Собрал доярок, посекретничал, а ее и не позвали, она даже обиделась. И, когда они там все обговорили меж собою, пригласили ее. Иван Саввич обнял, трижды поцеловал и с ходу вручил часы:
— Т-тебе за р-работу. Имен-н-ные! — и подмигнул дояркам.
Те сигнал приняли и чуть ли не хором запричитали:
— Не оставляй нас, Анна, поработай еще!.. Сколько можешь…

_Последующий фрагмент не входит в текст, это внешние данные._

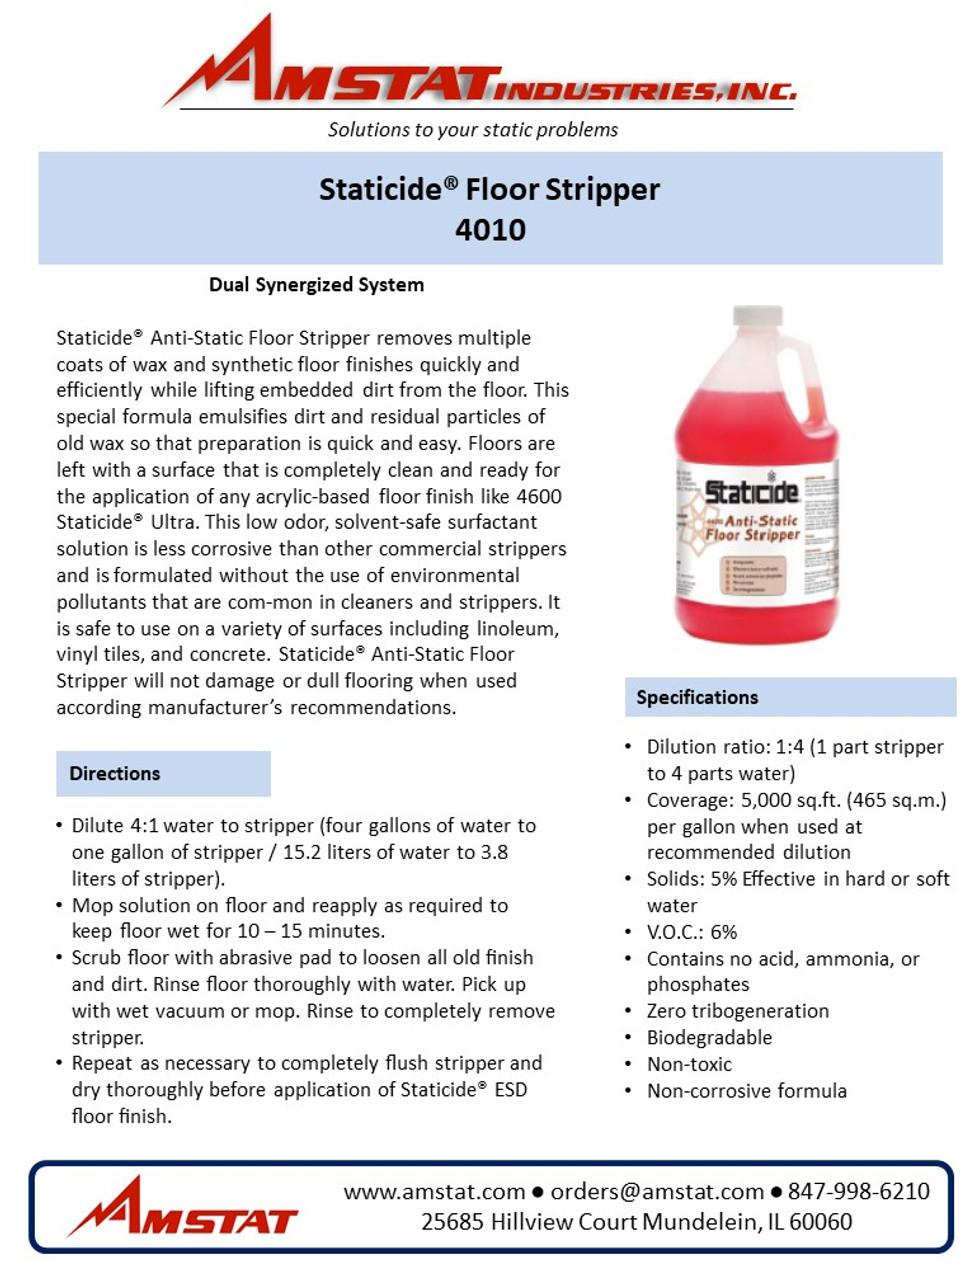 Staticide Floor Stripper Data Sheet

Она задохнулась, слезы брызнули из глаз. Тут вот и свое словцо вставил директор, в самый что ни на есть горячий момент:
— Т-ты наша л-лучшая доярка. Уйдешь — н-некому твоих к-коровок передать. П-поработай еще.
И она осталась.
К удивлению Анны, новую ферму доверчиво и дружно обжили и птицы: воробьи — те зимой забирались даже вовнутрь теплого помещения, и как приятно было дояркам, еще сонным, в темную рань начинать дойку, когда сквозь шумные коровьи вздохи, звяканье цепей, людские сердитые и ласковые голоса над головой где-то вверху, под балками, на поперечных перекладинах, раздавались приветливые отчетливые голоски: «чирик-чив… чирик-чив»; летом и зимой кружатся-вертятся тут звонкоголосые галки с серебряными воротничками на шейках, воркуют сизари, под крышей слепили гнезда ласточки, от весны к весне глиняных чашечек становилось все больше, и сейчас ласточки со щебетом резвились и над двором, и за двором, иные чуть не задевали Анну.
«Это вы, касатки, не иначе как добрую весть хотите мне передать, а я сама знаю: сынок мой приезжает, со всем своим семейством приезжает», — подумала она, и теплая волна радости толкнулась в материнское сердце.
Ферма — на южной околице деревни, к ней пробита дорога, каждое лето ее подживляют, да не по одному разу, песком и гравием, шлаком, но трактора безжалостно разбивают ее, колея все ниже и ниже опускается. Почти никто из доярок ни осенью, ни зимой, не говоря уж о лете, не ходит этой дорогой: у каждой своя тропа. И у Анны тоже.
3
Сразу за воротами она повернула вправо и шла пока общей тропой среди зарослей крапивы, лопухов, пустырника, пижмы; на малиновые кубышечки лопухов, на мохнатые жестко-колючие сиреневые верхушки пустырника с легким жужжанием деловито садились и взлетали пчелы; ярко-желтые цветы пижмы походили на точеные пуговки (как бы они украсили детскую рубашонку!); по грудь в этом диком травяном разливе утонул куст ивы; там, в лиственной густели, она знала, гнездились малиновки, пели они нежно, сладостно, задевали сердце, и, случалось, Анна замедляла шаг, стояла какое-то мгновение, чтобы подольше послушать птичек.